还有一些研究者关注翻转课堂中教师的角色转变。田爱丽[23]指出,翻转课堂的主要教学任务是发展学生的高级思维能力和综合素质,这就要求教师既具备较深厚的学科素养,还应具备正确的教育教学观、驾驭能力、课堂组织能力。张绍军[24]等认为,翻转课堂中的教师角色不仅仅是教学活动中的知识传授者,还是协助者和组织者。彭爱辉[25]指出,翻转课堂教学模式下的教师角色将更具多样性,教师不仅是学生学习的促进者和学生发展的评价者,还是教学的研究者和教育技术素养的学习者。卢强[26]指出,教师在翻转课堂的三个阶段分别具有不同的角色,前期是教学视频的开发和建构者,中期是教学活动的设计组织和参与者,课后则充当辅导者。容梅[27]等指出,教师应具有逻辑思维能力和扎实的技术整合能力。蒋立兵[28]等指出,教师除了为学生提供优质的学习资源外,更重要的是具备“以学生为中心”的教学理念,改变“满堂灌”的教学习惯,具有组织翻转课堂的能力与技巧。
纵观现有文献我们不难发现,当前对翻转课堂中教师应具备的能力的研究较为分散,多散述于翻转课堂理论剖析、实践反思和教师角色转换等相关研究中,不够系统与深入,尚未发现教师翻转课堂教学胜任力模型类研究,而这将是本研究的创新点之一。

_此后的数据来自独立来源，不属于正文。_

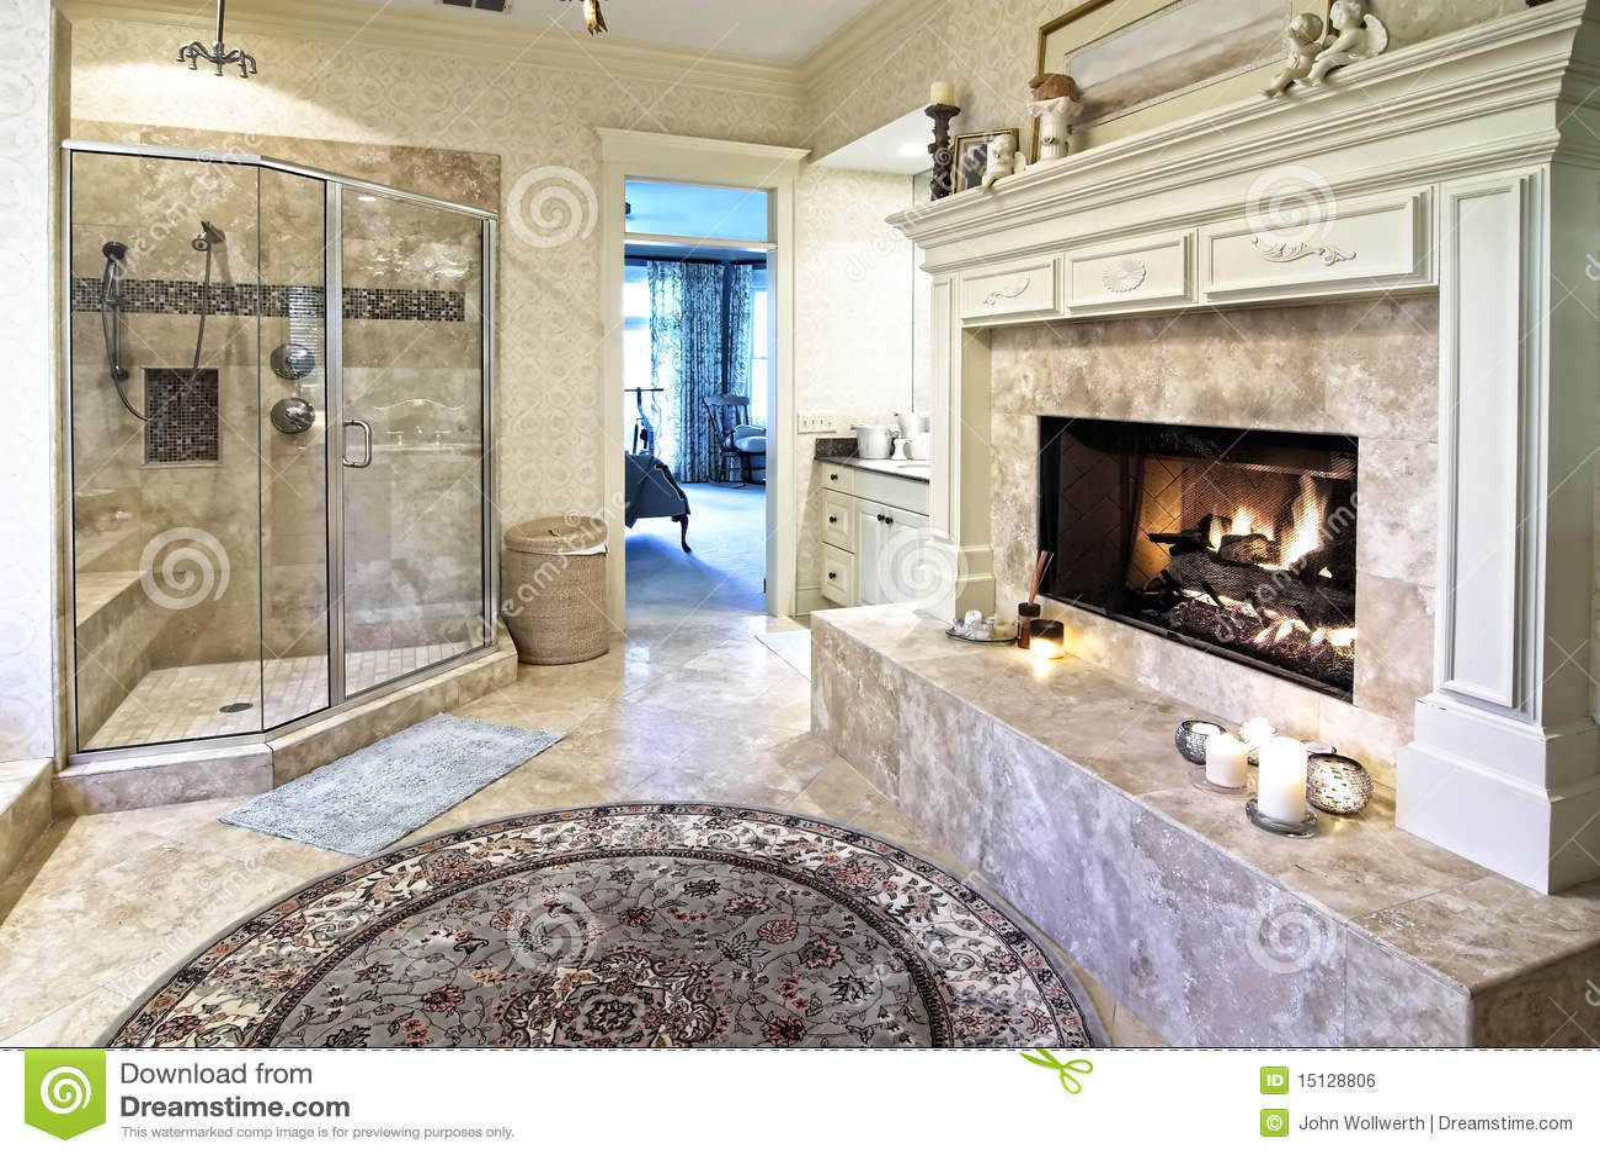 Opulent Bathroom 50 Stock Photo Image Of Lavish Opulent

另外,通过文献综述亦发现,关于胜任力的研究,既有通用性胜任力研究,也有专项技能性胜任力研究,如,远程教学胜任力、慕课教学胜任力等。何齐宗也指出,“不同学科(专业)的高校教师或者处在不同专业发展阶段的教师,其胜任力也有差异,需要有针对性地进行研究”[29],这为本研究奠定了立论基础。
三、高校教师翻转课堂教学胜任力模型初步构建及修订
(一)胜任力因子的筛选
作为一种教学方式,翻转课堂教学胜任力是教学胜任力的下位概念,高校教师教学胜任力因子,为高校教师翻转课堂教学胜任力提供了重要参考。因此,我们第一步是依据词频从相关文献中析出高校教师教学胜任力因子。以 “高校教师&教学胜任力”、“高校教师&胜任力模型”等为关键词,在中国知网进行检索,筛选出被引次数高于10的文献49篇,在通读文本的基础上,析出高校教师教学胜任力因子。

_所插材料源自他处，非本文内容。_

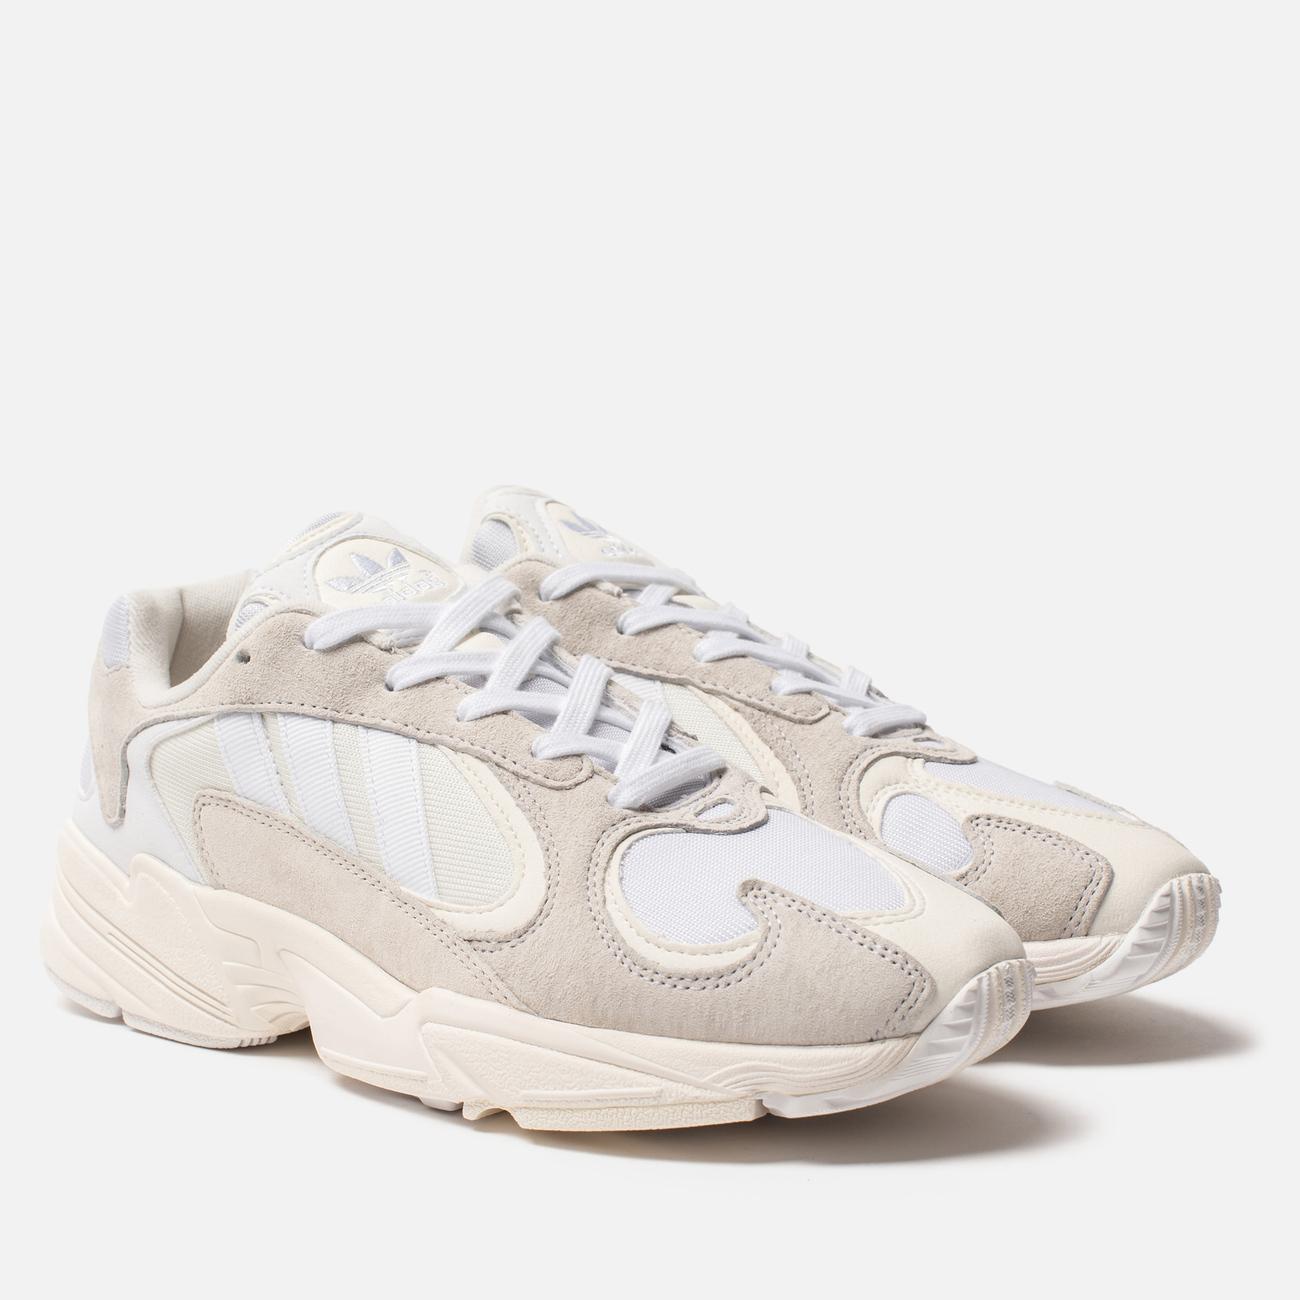 Кроссовки adidas Originals Yung-1 Cloud White/Cloud White/White

需要说明的是,因研究者对胜任力因子表述存有差异,我们在统计过程中对其进行适当的合并与重组。高校教师教学胜任力及其频次统计,如表1所示。
表1 高校教师教学胜任力因子及其频次表
综合考虑翻转课堂课前、课中、课后的教学流程和各环节的工作范畴,结合相关研究对教师素养提出的要求,归纳出高校教师翻转课堂教学胜任力因子表,如表2所示。需要指出的是,表2中的翻转课堂教学胜任力多析出于已有文献,但 “协作能力”、“平等交流意识”、“渊博知识”、“亲和力”、“奉献精神”是我们结合自身翻转课堂实践和对翻转课堂的理解所提出的。
关于“协作能力”,是指翻转课堂的顺利实施,大多需要教学团队协同完成,仅一个人很难高质量地完成翻转课堂教学实践;关于“平等交流意识”,是对“以学生为中心”的具体化与落地,是对“以教师为中心”的颠覆与超越,是在翻转课堂实施过程中促进参与、平等对话的关键;关于“渊博知识”,由于在面对面课堂中,教师需要回答学生形形色色的问题,这要求教师的知识结构尽可能地全面;关于“亲和力”,为了鼓励学习者提出问题、深入交流,教师应具有亲和力的特质,这是鼓励学习者参与课堂、提出问题的关键。关于“奉献精神”,由于实施翻转课堂的教师需要付出几倍于传统教学所花费的时间和精力,在高校重科研、轻教学的大背景下,实施翻转课堂往往需要教师有一种 “奉献精神”。当然,增补的胜任力因子是否存留,将取决于专家的研判和相关检验。
表2 翻转课堂教学胜任力因子表
以翻转课堂教学胜任力因子为核心,充分融合高校教师教学胜任力因子,通过对相关因子的融合、重组、剔除,我们从知识、技能、特质与动机、态度及价值观四个维度,构建起高校教师翻转课堂教学胜任力模型。需要说明的是,在麦克利兰的冰山模型中,胜任力是由知识、技能、特质、动机和自我概念五个要素构成的。其中,动机是指个体对某事物持续渴望并进而付诸行动的驱动力;自我概念是指一个人的态度、价值观和自我印象;特质是指个体所拥有的对情境或信息的持续反应。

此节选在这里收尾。